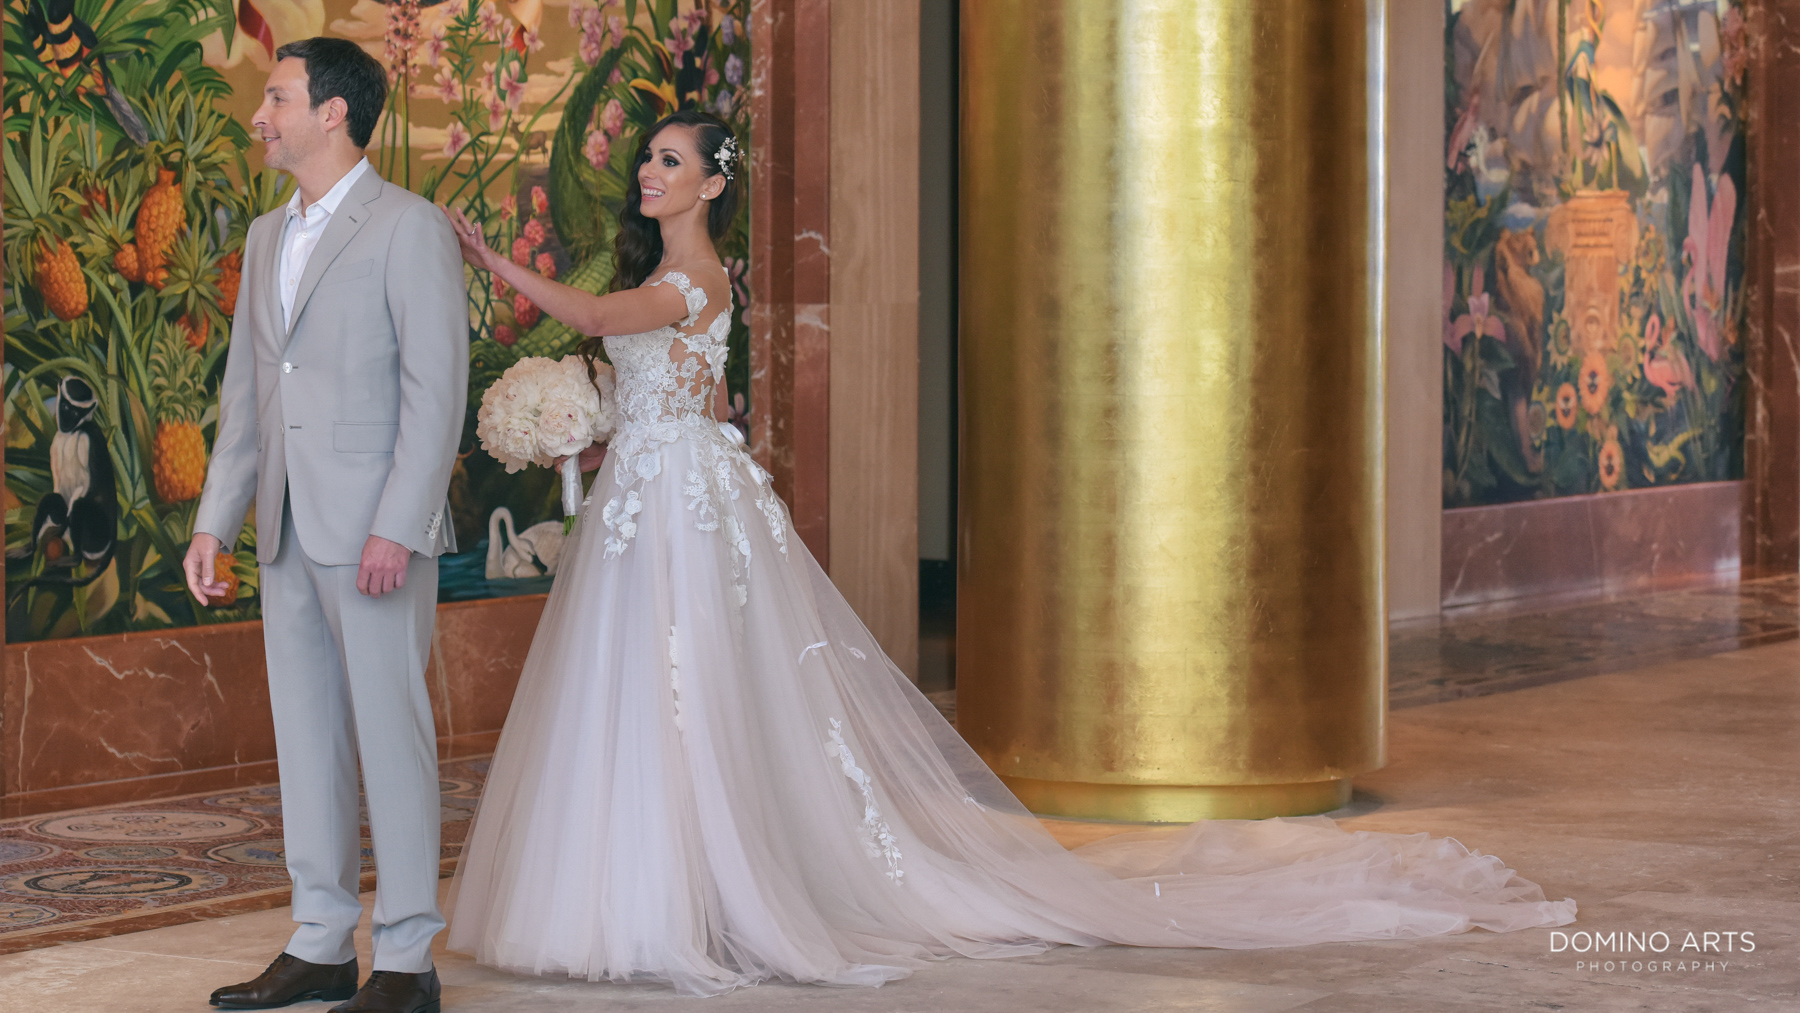 First look fun pictures at Luxury Destination Beach Wedding Photography at Faena Hotel
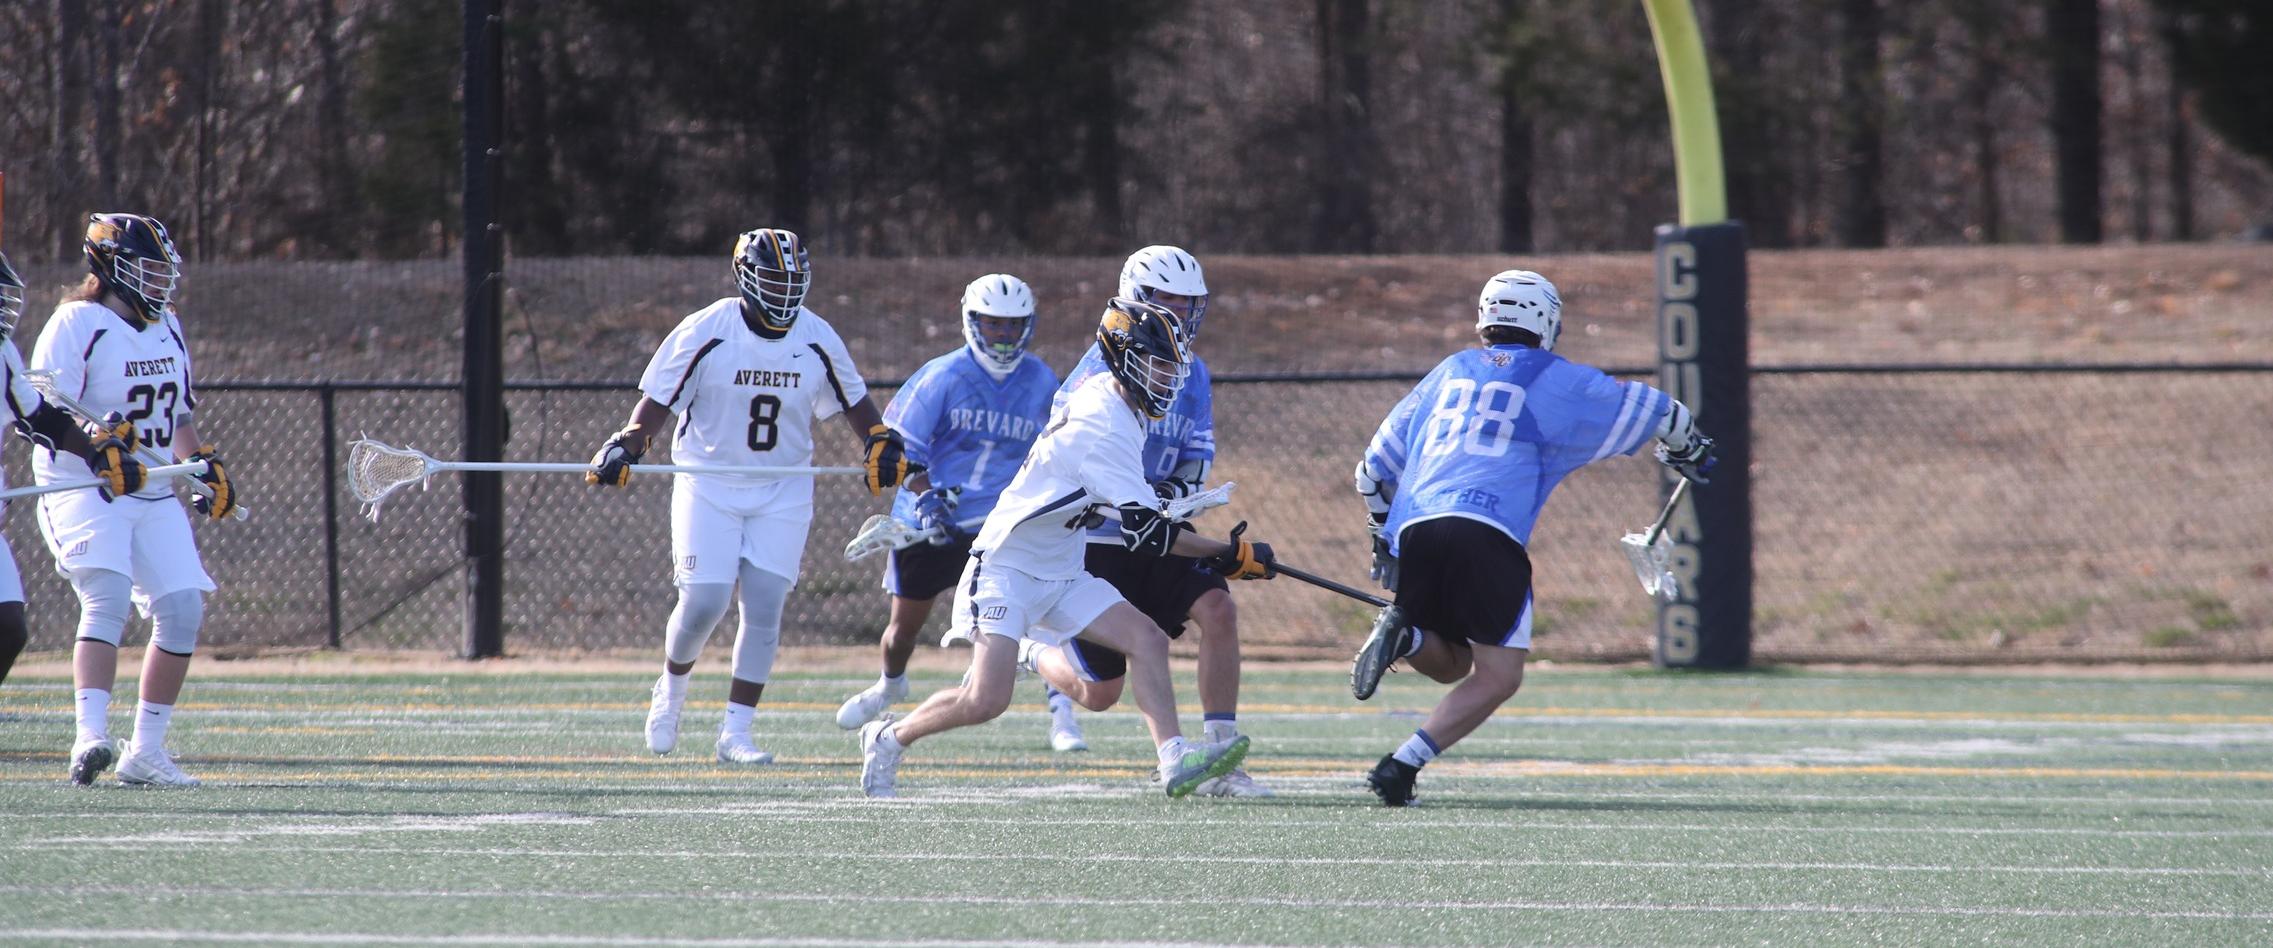 Senior attacker Sam Duffie tallied five points (four goals, one assist) on Friday afternoon at Averett (Photo courtesy of David Conner II, Averett University).
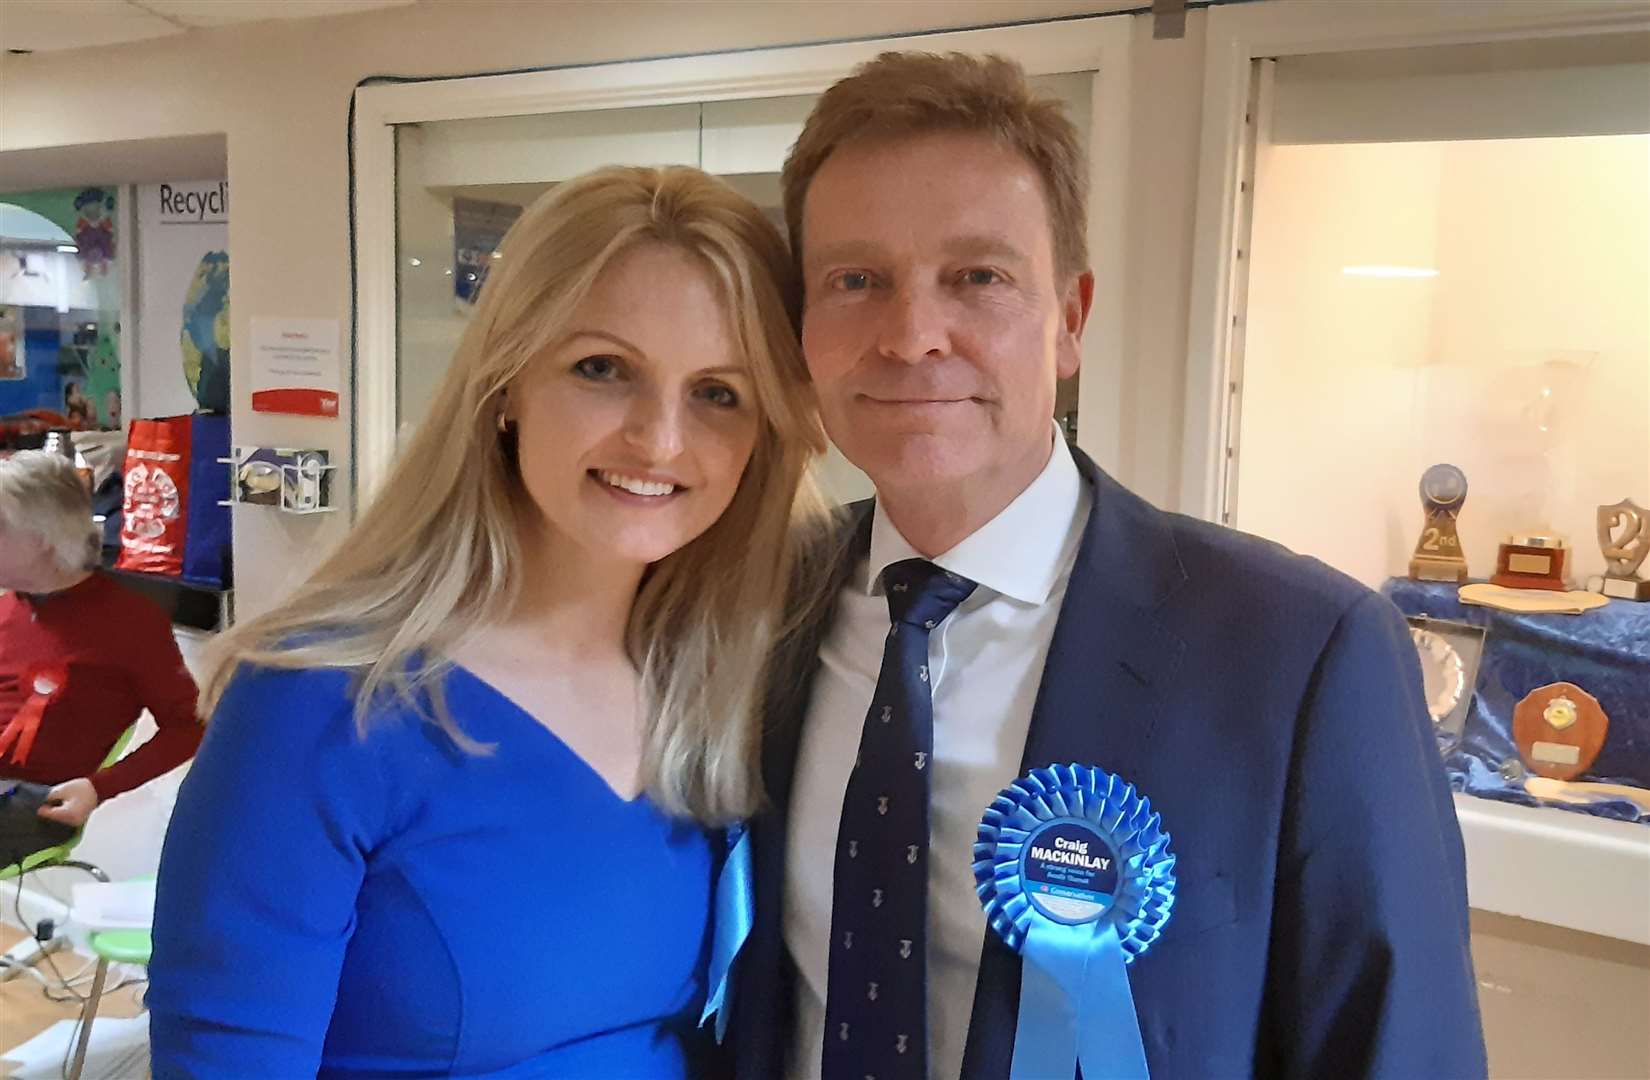 Craig Mackinlay is here at the count with wife Kati - and he's felling confident for a win

◆ ◆ ◆

Directions :: Print the lines from the one that contains "Senior attacker Sam" through the last line of the data, exactly and in full, and no other lines. Pictures are not part of the copy.

Task solution ::
 Senior attacker Sam Duffie tallied five points (four goals, one assist) on Friday afternoon at Averett (Photo courtesy of David Conner II, Averett University).
 Craig Mackinlay is here at the count with wife Kati - and he's felling confident for a win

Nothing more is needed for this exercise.